¿Qué es la asimetría teológica?


La asimetría teológica es el concepto clave que utiliza Donald A. Carson (y que respalda Douglas J. Moo) para resolver el dilema más difícil de la teología y la filosofía cristiana: ¿Cómo puede Dios ser absolutamente soberano sobre todo lo que ocurre (incluido el mal) sin ser moralmente responsable del pecado?

En la teología sistemática reformada, la tentación humana es buscar una simetría perfecta: si Dios es la causa directa de la salvación de un hombre, entonces debe ser la causa directa de la condenación de otro; o si Dios es responsable de las acciones buenas de las personas, debe ser igualmente responsable de sus acciones malas.

Carson rompe con esta lógica simétrica y establece que Dios opera de manera fundamentalmente distinta respecto al bien y al mal.

Los dos pilares de la asimetría teológica

La asimetría se sostiene sobre dos reglas teológicas que operan al mismo tiempo y que nunca deben mezclarse:

1. Con respecto al bien: Dios es la causa primera, directa y eficiente.

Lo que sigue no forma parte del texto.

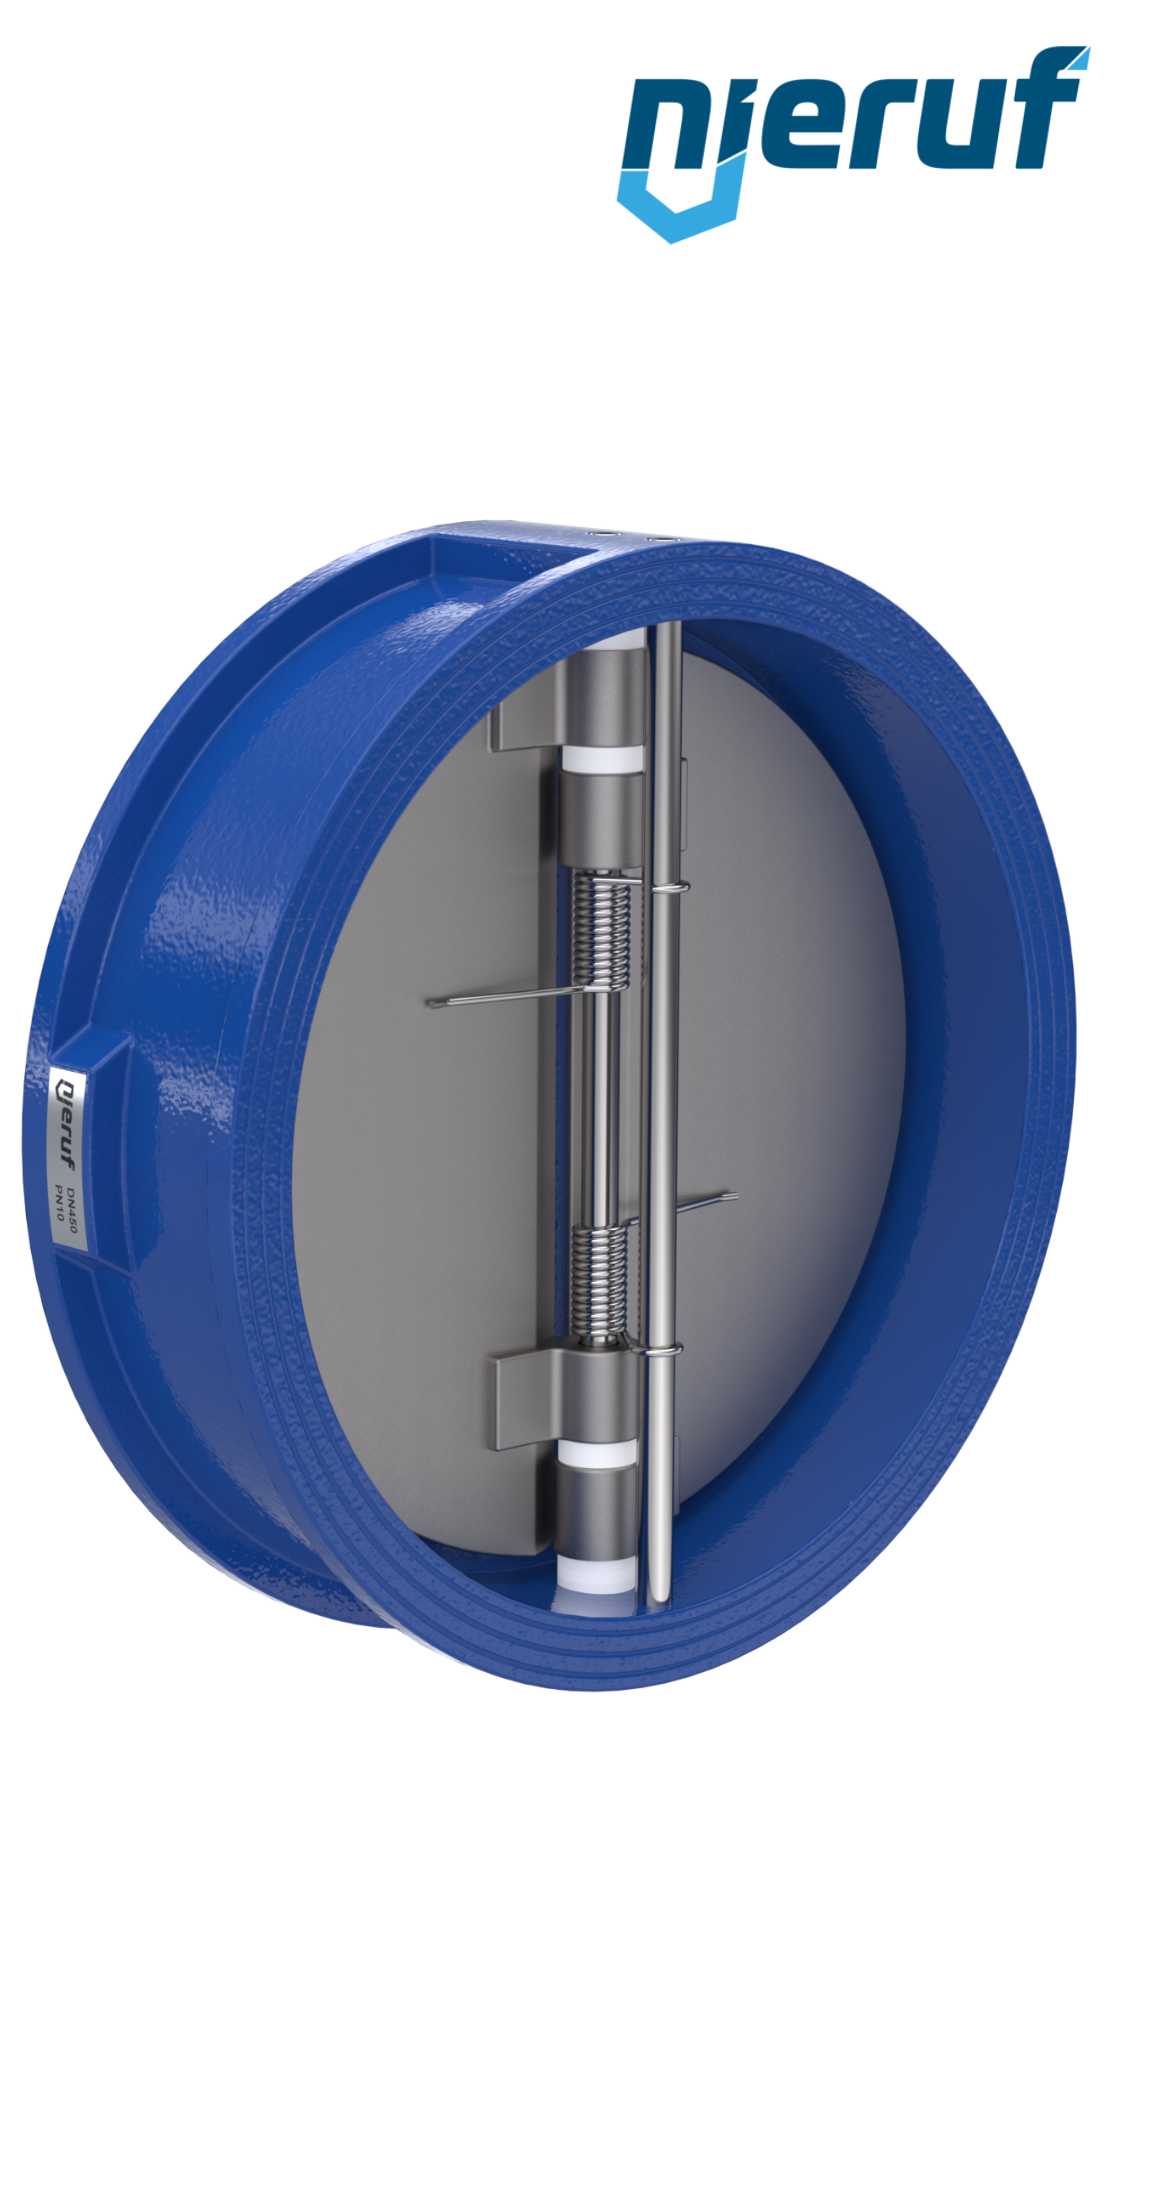 dual plate check valve DN450 DR01 GGG40 epoxyd plated blue 180µm FKM (Viton)

Todo pensamiento piadoso, obra buena, salvación o acto de fe proviene exclusivamente de la gracia iniciadora de Dios. El ser humano no puede atribuirse ningún mérito. Dios se lleva toda la gloria.

2. Con respecto al mal: Dios es soberano sobre su existencia y lo permite dentro de sus planes eternos, pero la culpa moral y la ejecución recaen exclusivamente en la criatura. Dios nunca tienta a nadie, nunca infunde maldad en el corazón humano y nunca es el autor del pecado. La criatura se lleva toda la culpa.

Causas Primeras vs. Causas Segundas

Para sostener la asimetría sin caer en contradicciones, Carson recurre a la distinción escolástica y reformada entre dos niveles de causalidad:

La Causa Primera (Dios): Dios opera a un nivel trascendente. Él sostiene el universo y escribe el "guión" de la historia. Nada de lo que las criaturas eligen desbarata su decreto final.

Las Causas Segundas (Las criaturas): Los seres humanos operan a un nivel inmanente. Actúan de acuerdo con sus propios deseos, voluntades y naturalezas.

Cuando una persona comete un acto pecaminoso, Dios (como Causa Primera) ha decretado u ordenado soberanamente que ese evento ocurra para un propósito mayor, pero el ser humano (como Causa Segunda) lo ejecuta voluntariamente por pura maldad. La asimetría teológica dicta que la responsabilidad moral se juzga por la motivación del corazón, no por el decreto soberano de fondo.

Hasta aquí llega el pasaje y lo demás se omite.